Walmer RNLI called to people cut off by the tide
Walmer crew launched to a report of three people and a dog cut off on a small beach and rocks by the incoming tide near St Margaret’s Bay.
Crew were paged at 12.59pm yesterday, 16 April, and launched in the station’s inshore D Class lifeboat Duggie Rodbard II following the tasking by HM Coastguard. On arrival at the scene at Ness Point, two crew were put ashore where they checked if anyone needed medical attention before handing out survivor’s lifejackets and masks. The rising tide had made it impossible for the casualties to safely retrace their path. One crew member remained on the rocks while the lifeboat transferred the casualties to St Margaret’s Bay where, with the help of the Langdon Mobile Coastguard team they were put safely ashore.
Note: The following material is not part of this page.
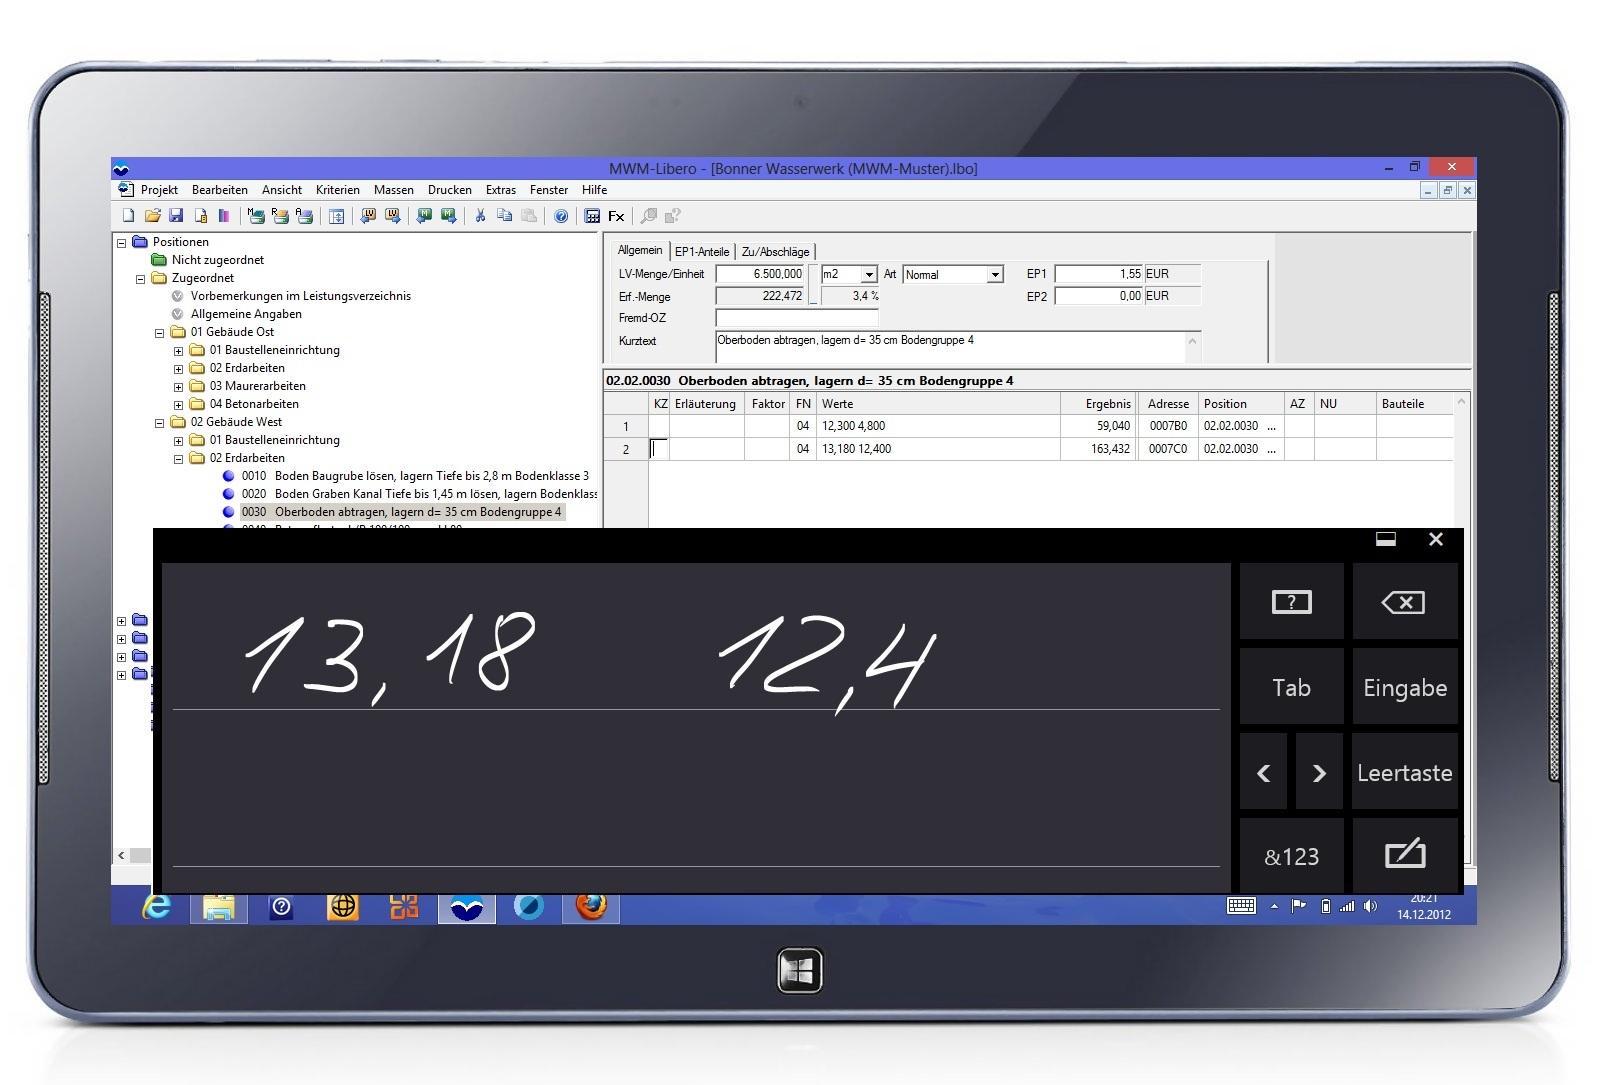 Laser Entfernungsmesser Software : Mwm software beratung gmbh · termine messen und veranstaltungen

The lifeboat returned to the rocks to pick up the remaining crew member and collect the casualty’s personal belongings which were handed over to the mobile coastguard team on the beach.
The boat returned to station where it was thoroughly cleaned and made ready for service.
We encourage people to enjoy their visit to the coast but would always recommend checking the locality, weather conditions and tides before venturing out.
Notes to editors
Walmer lifeboat station was established in 1856.
It currently operates two inshore lifeboats – a B Class Atlantic 85 Donald McLauchlan and a smaller D Class Duggie Rodbard II.
Crews have received 28 Awards for Gallantry
Key facts about the RNLI
The RNLI charity saves lives at sea. Its volunteers provide a 24-hour search and rescue service around the United Kingdom and Republic of Ireland coasts. The RNLI operates over 238 lifeboat stations in the UK and Ireland and, in a normal year, more than 240 lifeguard units on beaches around the UK and Channel Islands. The RNLI is independent of Coastguard and government and depends on voluntary donations and legacies to maintain its rescue service. Since the RNLI was founded in 1824, its lifeboat crews and lifeguards have saved over 142,700 lives.